Default model fields#

The easiest way to specify your model definition is through the default_model field. However, if you’d like more customizability, you can configure the deployment with your own custom code through the model field detailed below.

Supported model types#

The following are the valid model types that can be used for the model_type field:

Model Type	Description
`mpt-7b`	A 7B parameter decoder-style transformer pretrained from scratch on 1T tokens of English text and code.
`mpt-7b-instruct`	A model for short-form instruction following, finetuned from MPT-7B
`mpt-7b-chat`	A chatbot-like model for dialogue generation, finedtuned from MPT-7B
`mpt-7b-storywriter`	A model designed to read and write fictional stories with super long context lengths.
`mpt-30b`	A 30B parameter decoder-style transformer pretrained from scratch on 1T tokens of English text and code.
`mpt-30b-instruct`	A model for long-form instruction following (especially summarization and question-answering) built by finetuning MPT-30B.
`mpt-30b-chat`	A chatbot-like model for dialogue generation built by finetuning MPT-30B.
`llama2-70b`	A state-of-the-art 70B parameter language model with a context length of 4096 tokens, trained by Meta.
`llama2-13b`	13B parameter variant of the llama2 model
`llama2-7b`	7B parameter variant of the llama2 model
`llama2-70b-chat`	70B parameter fine-tuned Llama2 model optimized for dialogue use cases.
`llama2-13b-chat`	13B parameter variant of the llama2 chat model
`llama2-7b-chat`	7B parameter variant of the llama2 chat model

Llama2 License

Checkpoint fields#

You can only specify one of the following sources to download your checkpoint files from.

Field	Type	Details
`hf_path`	`str`	The name of the HuggingFace model repo
`s3_path`	`str`	The s3 path to a model checkpoint in the HuggingFace format. s3:// is required in the prefix (e.g. s3://mosaic-checkpoint/path)
`gcp_path`	`str`	The gcp path to a model checkpoint in the HuggingFace format. gs:// is required in the prefix (e.g. gs://mosaic-checkpoint/path)

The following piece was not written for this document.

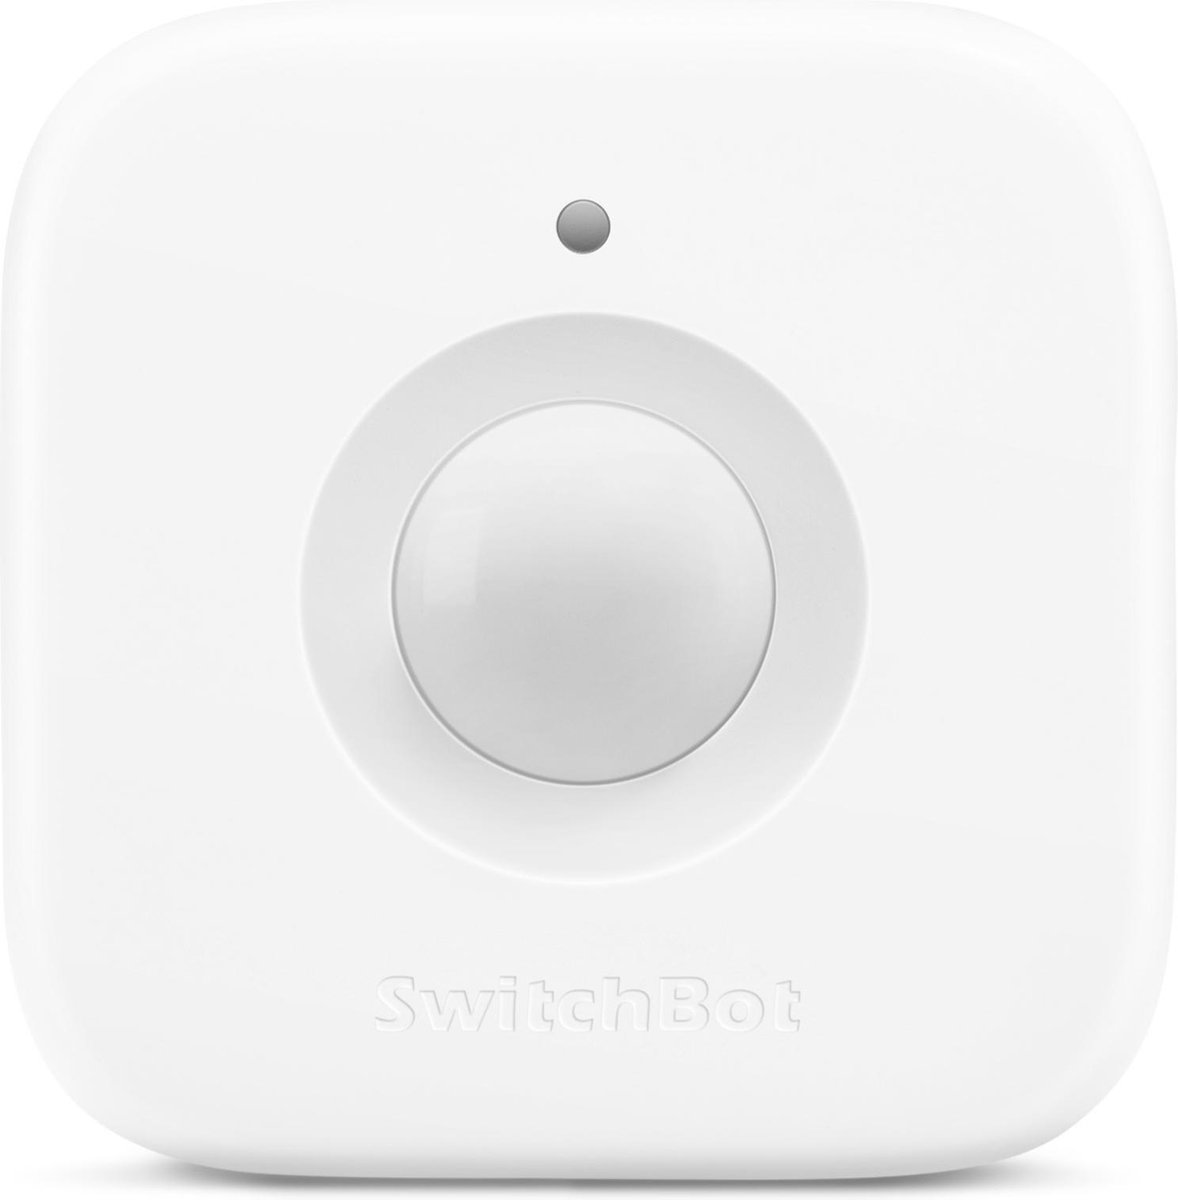 SwitchBot Motion Sensor

We support checkpoint files in two different formats:

Huggingface checkpoint format - the checkpoint path should be a directory and the downloader will fetch all the files in the directory
Composer checkpoint format - the checkpoint path should point to a single file and it must end in .pt.

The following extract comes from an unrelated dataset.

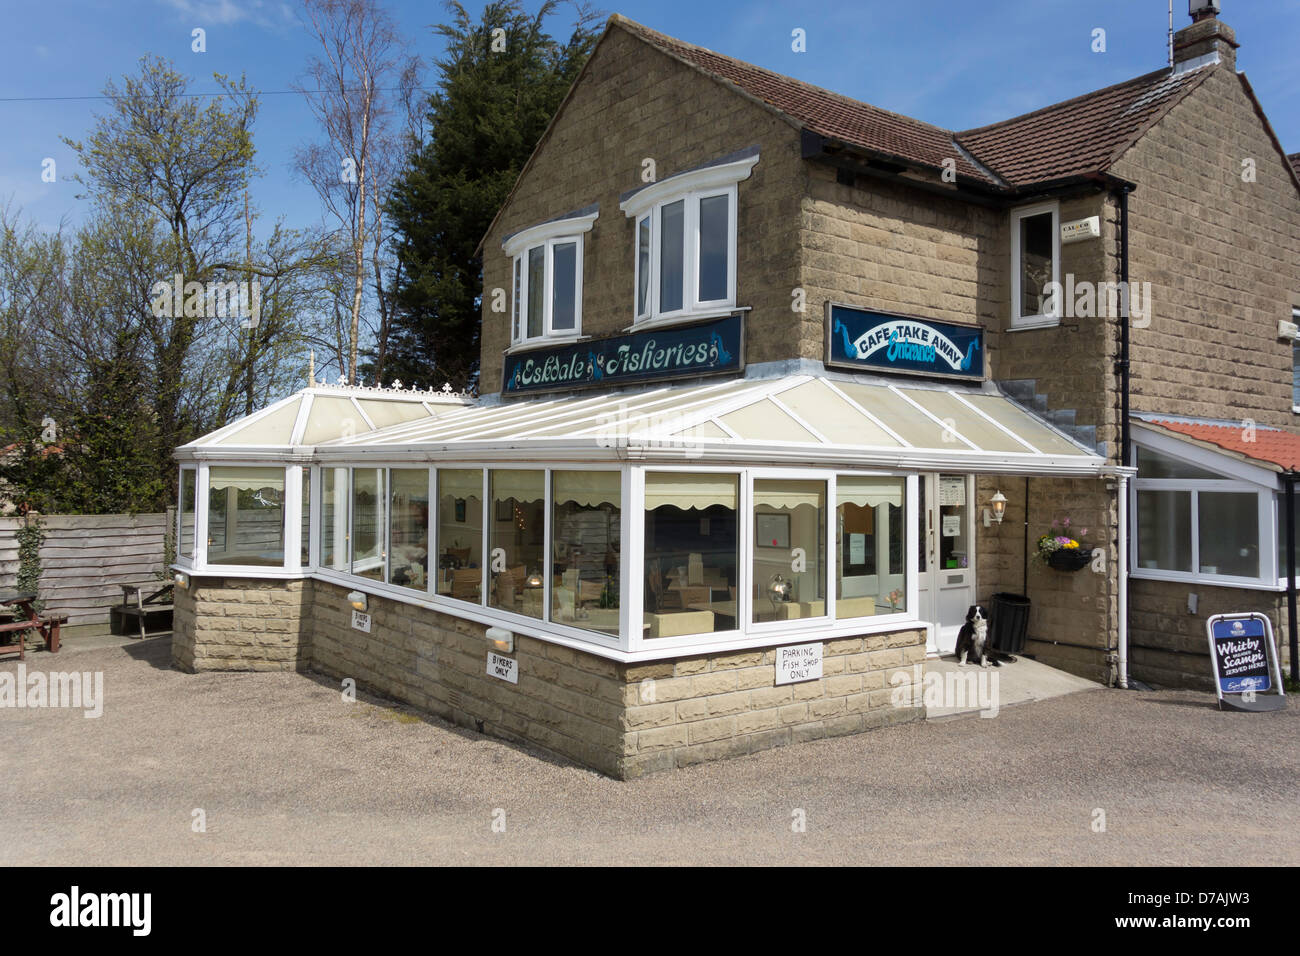 Eskdale Pêches un très bon poisson et Chip shop et restaurant à tours près de Whitby, North Yorkshire Angleterre Banque D'Images

If the checkpoint_path field is omitted entirely, we download the default checkpoints in the Huggingface format associated with each model in the table above

Model Type	Default Checkpoint Source
`mpt-7b`	mosaicml/mpt-7b
`mpt-7b-instruct`	mosaicml/mpt-7b-instruct
`mpt-7b-chat`	mosaicml/mpt-7b-chat
`mpt-7b-storywriter`	mosaicml/mpt-7b-storywriter
`mpt-30b`	mosaicml/mpt-30b
`mpt-30b-instruct`	mosaicml/mpt-30b-instruct
`mpt-30b-chat`	mosaicml/mpt-30b-chat
`llama2-70b`	meta-llama/Llama-2-70b-hf
`llama2-13b`	meta-llama/Llama-2-13b-hf
`llama2-7b`	meta-llama/Llama-2-7b-hf
`llama2-70b-chat`	meta-llama/Llama-2-70b-chat-hf
`llama2-13b-chat`	meta-llama/Llama-2-13b-chat-hf
`llama2-7b-chat`	meta-llama/Llama-2-7b-chat-hf

Custom Model#

For custom model implementations, set the values in the model field (this is mutually exclusive from the default_model field). Note that your code will need to be mounted through a git integration. Any of the input model parameters are mounted as a YAML file of your deployment at /mnt/model/model_config.yaml for your code to access.

These parameters configure the out-of-the-box MosaicML inference server. If you choose not to provide a model config, we submit the deployment under the assumption that you’re specifying your own inference server code under port 8080 via a custom image.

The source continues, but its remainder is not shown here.